News Pacific

Dead Marine Life Along Pacific Coasts Raises Alarm


by Juanita Nonwo – EM TV Online

In a recent media statement, The Secretariat of the Pacific Community (SPC) stated that it is reinforcing government warnings after a serious concern was raised over observations of dead fish and other marine life along the coral coasts of Fiji and Vanuatu, including a number of coral bleaching around the coast of Fiji.

Hundreds of dead fish and invertebrates were discovered floating near Pango Village on Efate, at Emten Lagoon in Port Villa and Aneityum Island.

The exact cause of the death of these marine lives is yet to be found; but it is believed a number of factors could be involved ranging from water pollution from toxic chemicals to low concentrations of dissolved oxygen in the water.  

Satellite data provided by the National Oceanic and Atmospheric Administration (NOAA) , has indicated an increase in water temperatures around Fiji and Vanuatu, being hotter than average since late January 2016.

This data suggests a deep concern as warm waters hold less dissolved oxygen than cooler waters. According to the Director of SPC’s Fisheries and Marine Aquaculture Division, Moses Amos, once the level of dissolved oxygen drops below a critical level, fish and invertebrates can effectively suffocate.

“This is especially an issue in shallow water habitats which can rapidly heat up and lose dissolved oxygen, and at night-time, algae respire, removing oxygen from the surrounding water,” stated Mr Amos.

The locals living along the coast who are experiencing this have been urged not to feed on these fish kills, as Fisheries scientists from SPC have been sent to Fiji to investigate the cause while working with the Ministry of Fisheries and Forests to develop a National Fisheries Policy.

A similar event was experienced in the Marovo Lagoon, in the Western Province of Solomon Islands in June 2011 where low levels of dissolved oxygen triggered a die-off of a harmful algae bloom that may have been the cause.

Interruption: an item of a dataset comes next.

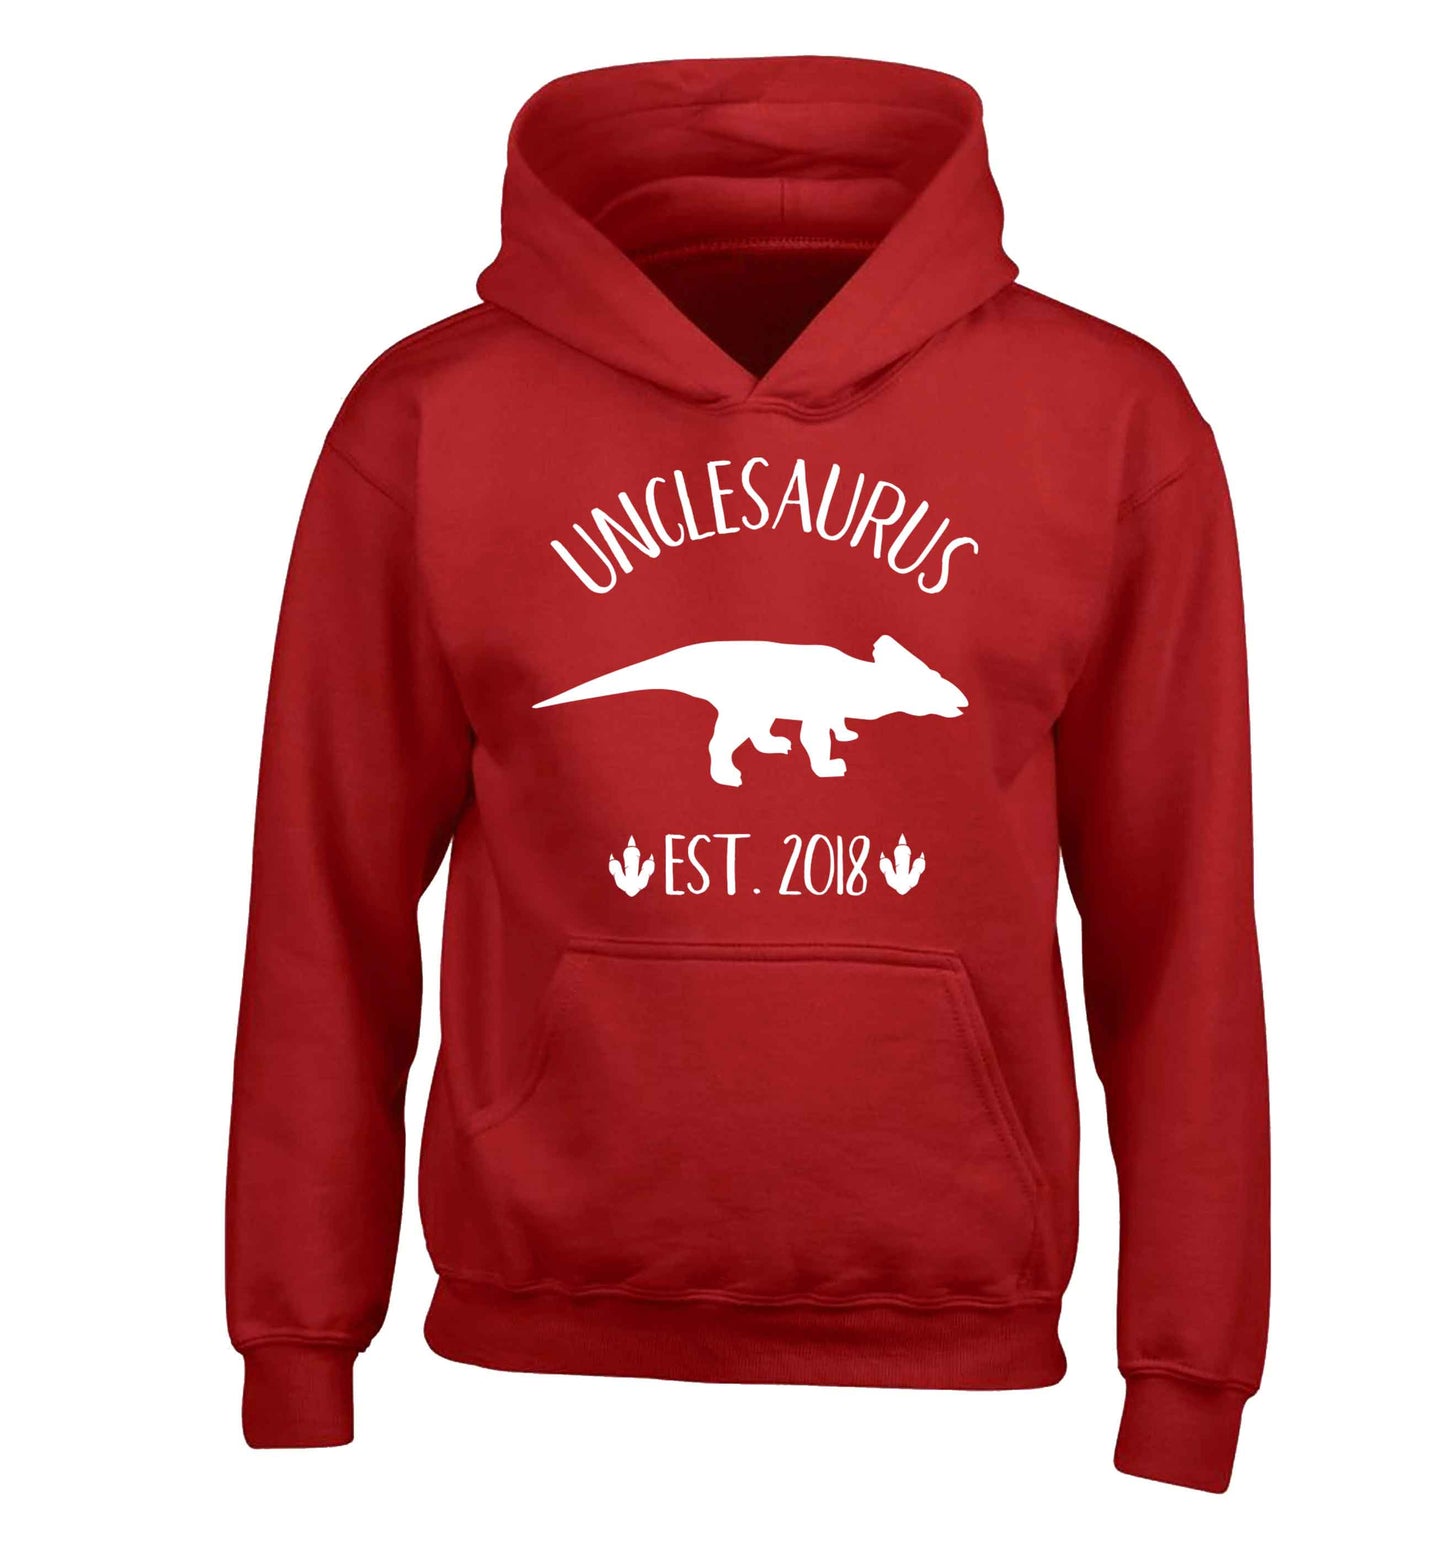 Personalised unclesaurus since (custom date) children's red hoodie 12-13 Years

Mr Amos further stated that events like these stress the importance of inshore fisheries resources in human affairs, but also the fragility of the reef habitats that support these resources.

The strong El Nino conditions, which are currently still in effect has been labelled as the factor responsible in influencing these events. With 2015 predictions from NOAA, stating there will be widespread coral bleaching in the Pacific from 2015 – 2016 summers.

An analysis from SPC concerning future impacts of climate change on fisheries is not looking so bright either. Predictions of reef environments becoming more fragile over the next century has been placed under two contributing factors:

  1. Human-induced climate change and
  2. Environmental degradation from human population pressure in coastal regions.

To help coastal communities maintain their livelihood in the case where coastal resources and fisheries face increased fragility, SPC has compiled a strategy called ‘A new song for coastal fisheries – pathways to change: The Noumea strategy’.

The New Song strategy was developed in March 2015 to address some of the challenges faced today by the increasing population of coastal communities in the Pacific.

According to the strategy, many Pacific Island coastal communities depend on coastal fisheries resources as the primary or secondary source of income for up to 50 percent of households; while about 50 – 90 percent of the animal-sourced protein consumed is gradually declining.

With this New Song initiative, it aims to:

  • Be the innovative approach to dealing with declines in coastal fisheries resources and related ecosystems.
  • Calling for an enhance focus on coastal fisheries management and related development activities in the Pacific, and
  • To provide direction and encourage coordination, cooperation and an effective use of regional and other supportive services in the development of coastal fisheries management.